Seven Ontario bishops and Cardinal Jose Sanchez, the prefect for the Congregation for the Clergy, were aware by 1993 that the secretary-general of the Pontifical Society for the Propagation of the Faith had committed sexual abuse, according to a February 1993 letter from the bishop of Pembroke (Ontario) to Canada’s apostolic nuncio.

At the time of Msgr. Bernard Prince’s 1991 appointment to the Pontifical Society for the Propagation of the Faith, Bishop Joseph Windle of Pembroke was aware that the priest had abused one boy. Nonetheless, he recalled in the 1993 letter that “while the charge against Fr. Prince was very serious,” he had not objected “to him being given another chance since it would remove him from the Canadian scene.”

By 1993, however, Bishop Windle had become aware that there were four or five victims. In his letter to Archbishop Carlo Curis, who served as apostolic nuncio to Canada from 1990 to 1999, Bishop Windle urged that Father Prince not be given a papal honor or promoted to the episcopate, noting that such a move could prompt victims to speak out publicly.

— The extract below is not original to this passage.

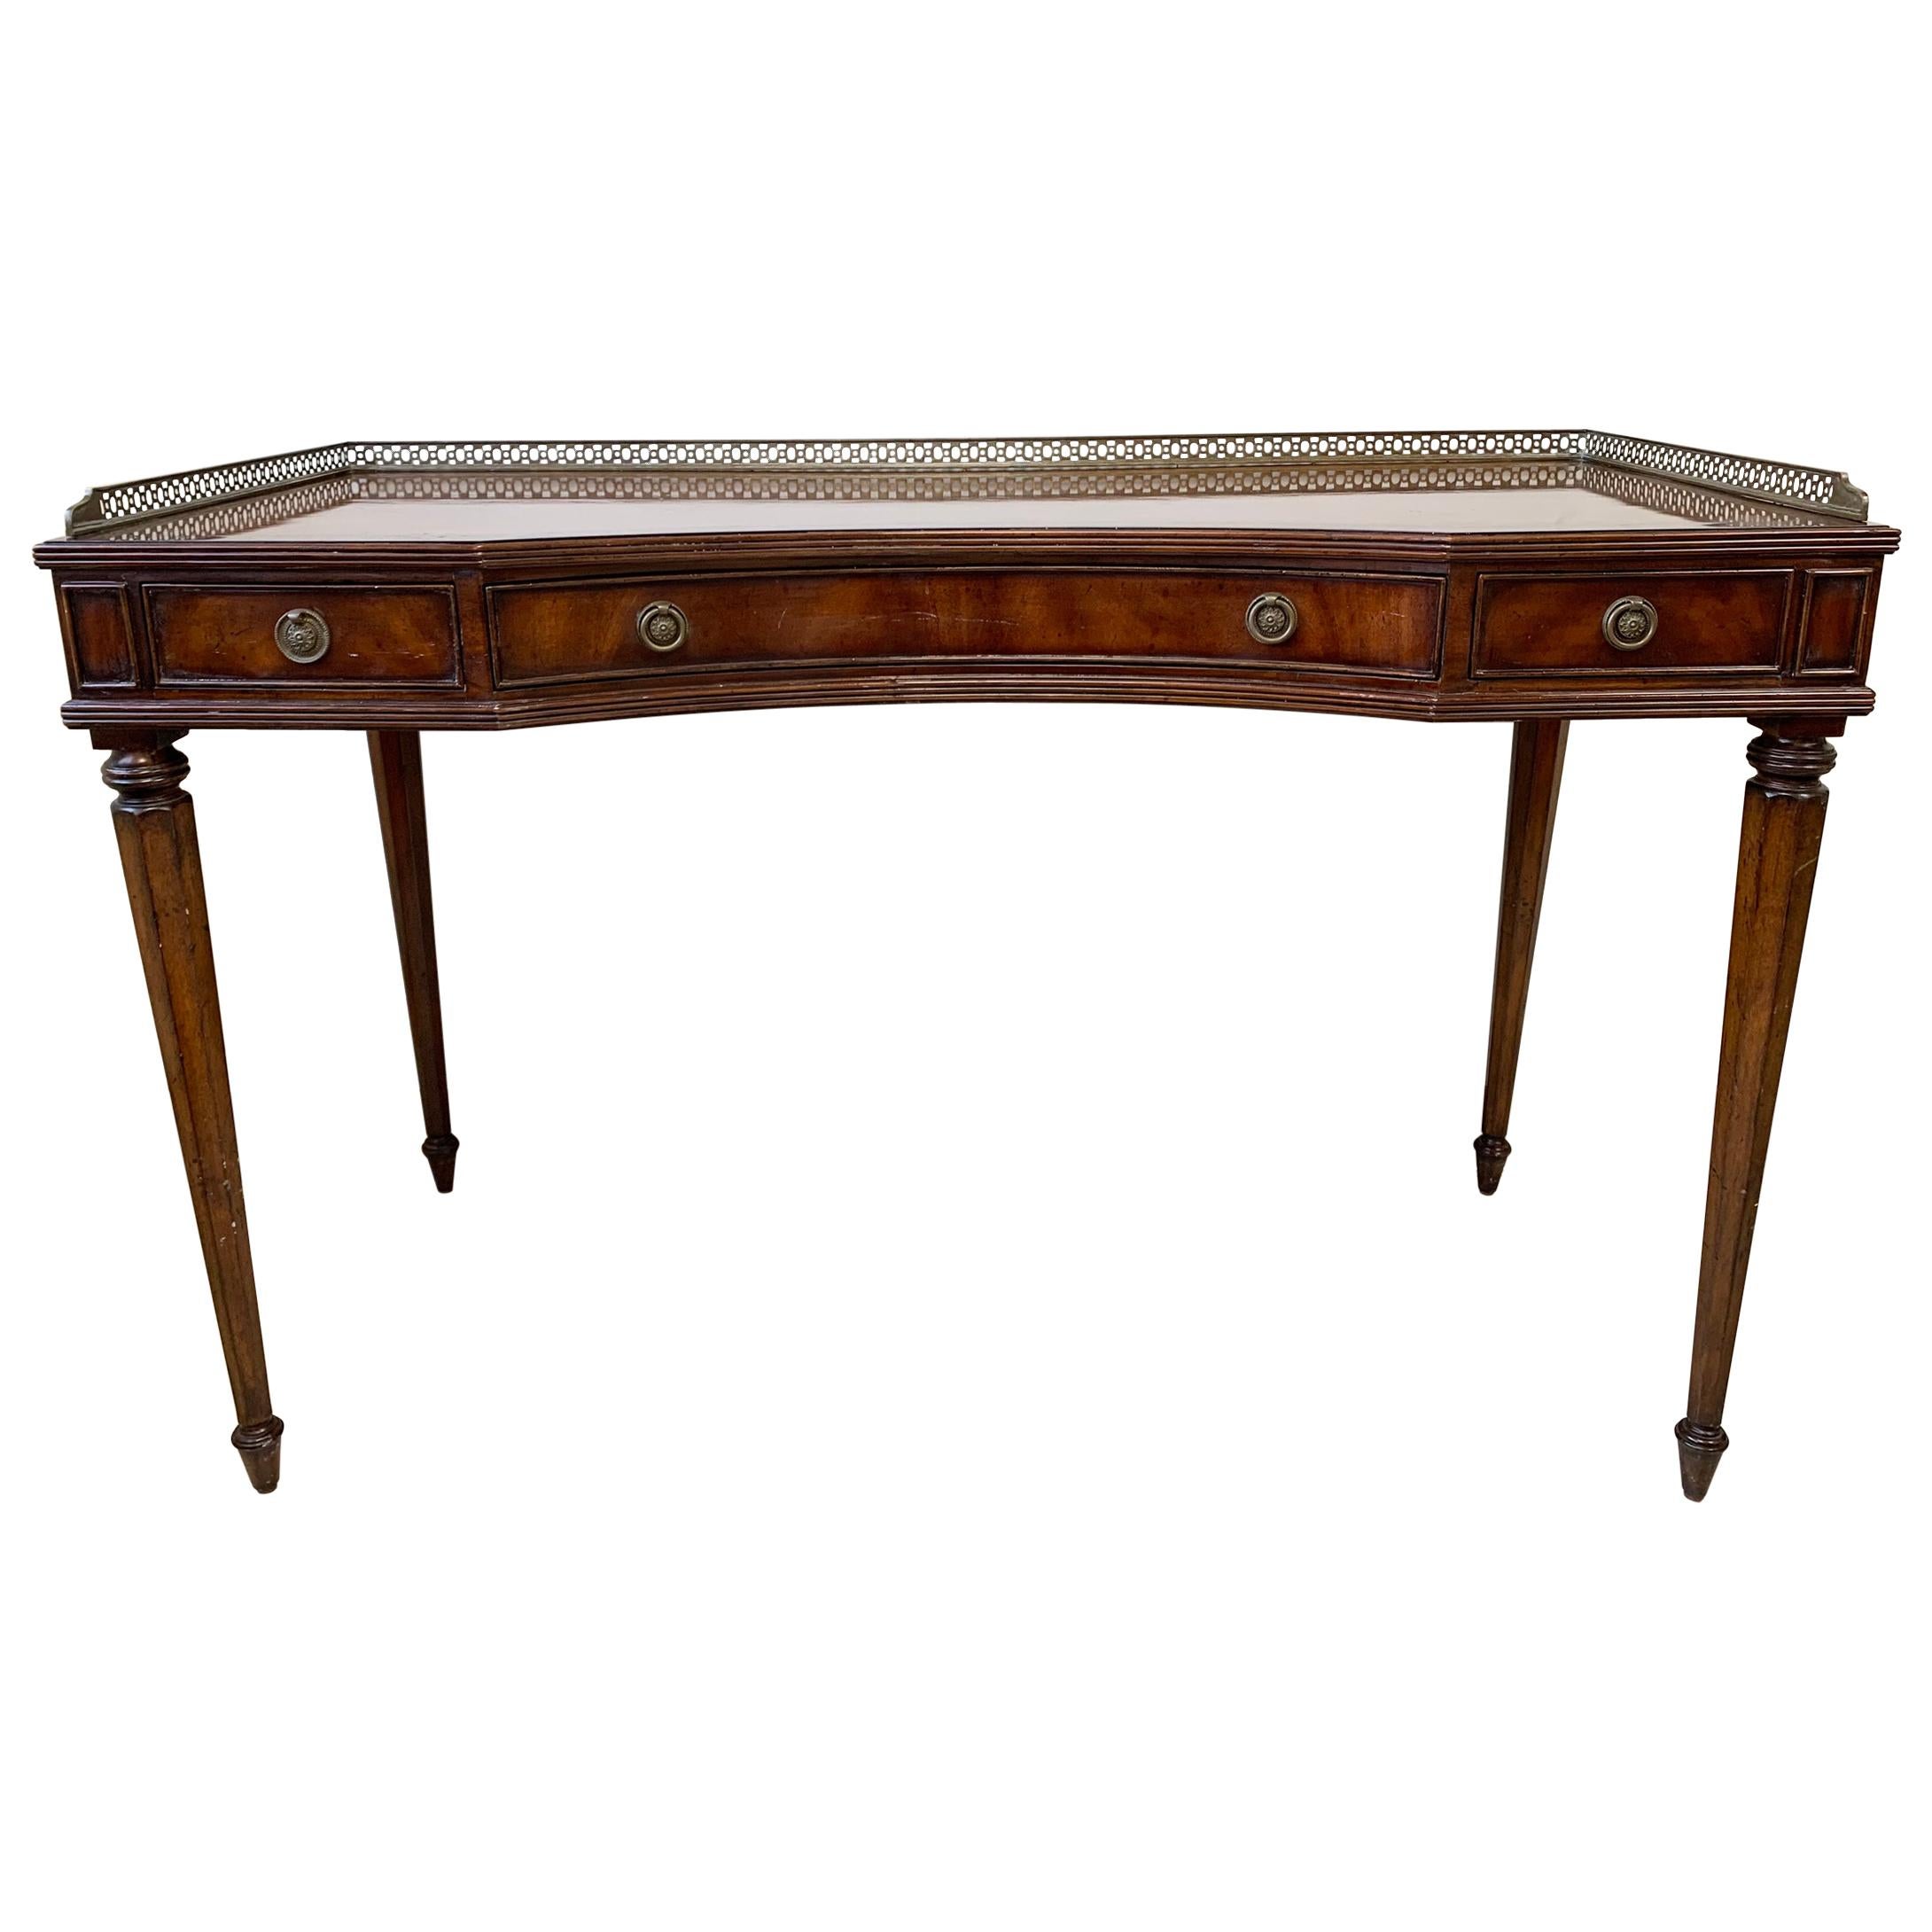 French Louis XVI Style Maitland-Smith Mahogany Desk or Writing Table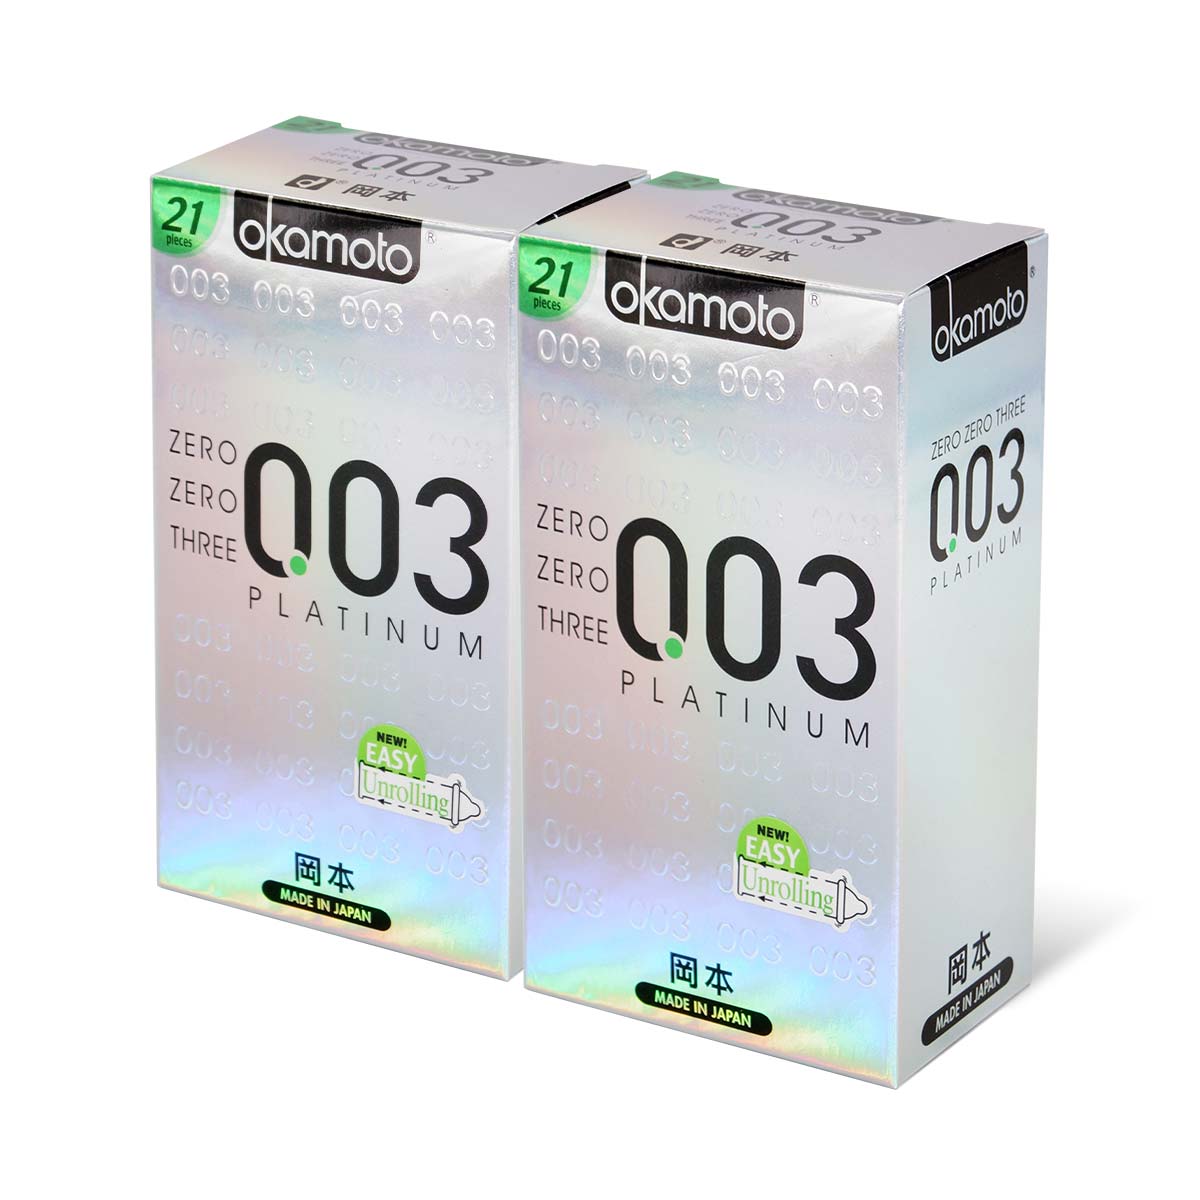 Okamoto 0.03 Platinum 21s Twin Pack Set 42 pieces condom-thumb

Three months after he wrote the letter, Bishop Windle retired at age 75; he died in 1997. The Globe and Mail notes that Bishop Windle, contrary to the policy adopted by Canadian bishops in 1993, did not report the abuse to civil authorities.

Msgr. Prince continued to serve as secretary-general of the Pontifical Society for the Propagation of the Faith until 2004. Laicized by Pope Benedict in 2009, Prince is currently serving a four-year prison term after being convicted of sexually abusing 13 young men between 1964 and 1984. The victims were between 10 and 16 years old.